**Provided material**
++++++++++
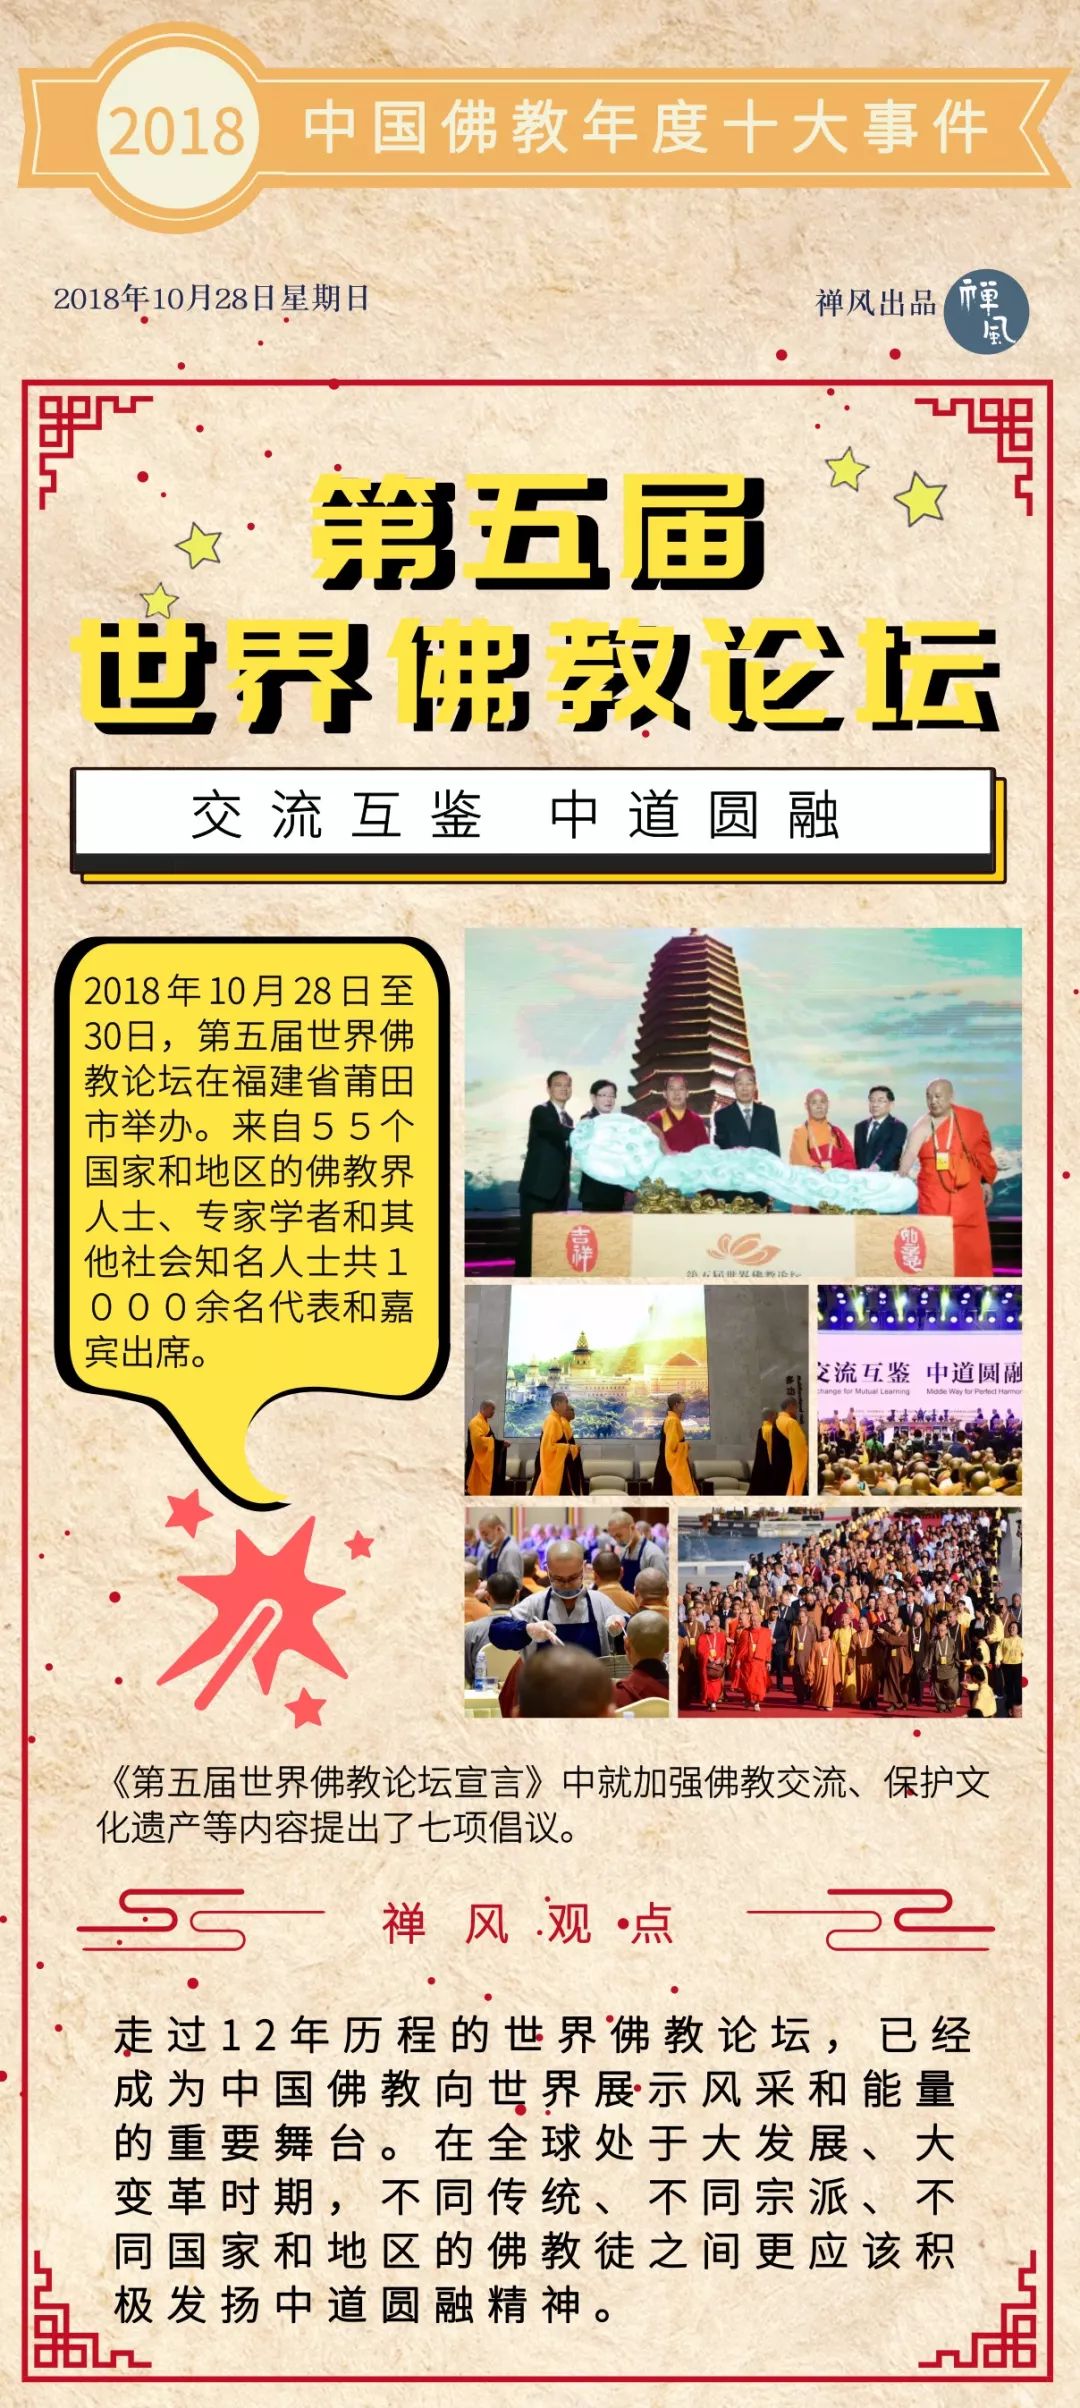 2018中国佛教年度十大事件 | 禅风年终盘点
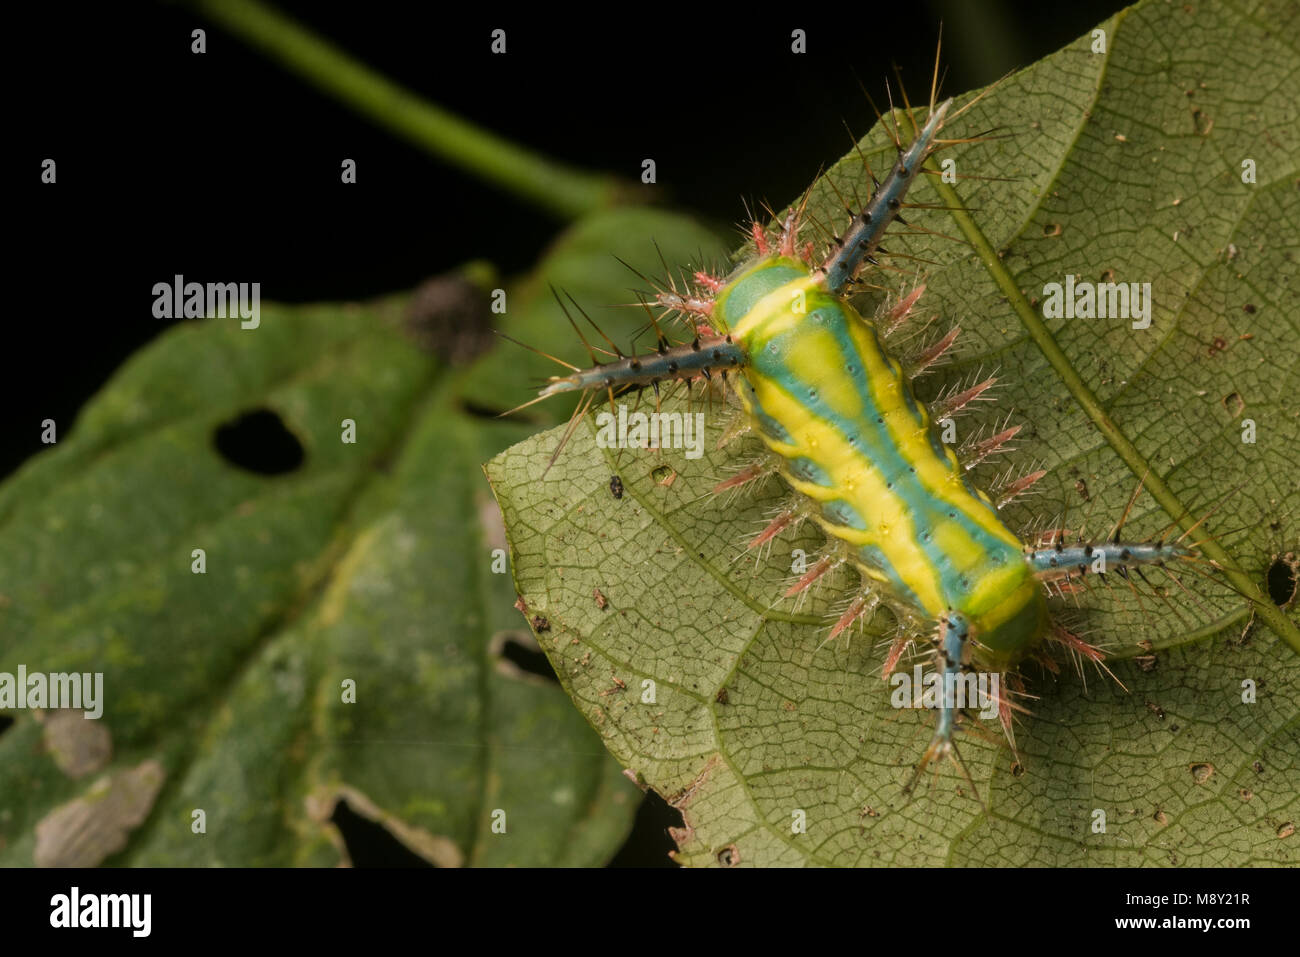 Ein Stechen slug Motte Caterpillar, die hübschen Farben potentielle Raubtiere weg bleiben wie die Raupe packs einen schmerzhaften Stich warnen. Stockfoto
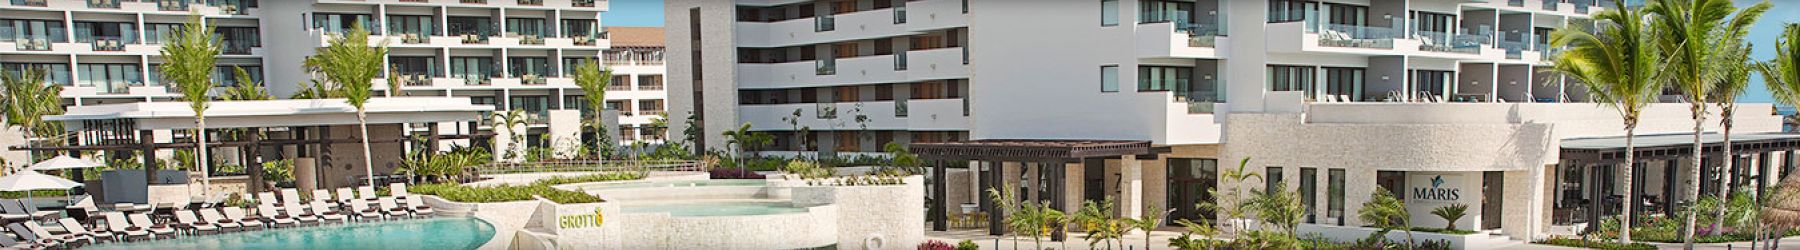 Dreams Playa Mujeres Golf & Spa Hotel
++++++++++
Everything in the listing must be restated word for word, except for the pictures.

 2018中国佛教年度十大事件 | 禅风年终盘点
 Ein Stechen slug Motte Caterpillar, die hübschen Farben potentielle Raubtiere weg bleiben wie die Raupe packs einen schmerzhaften Stich warnen. Stockfoto
 Dreams Playa Mujeres Golf & Spa Hotel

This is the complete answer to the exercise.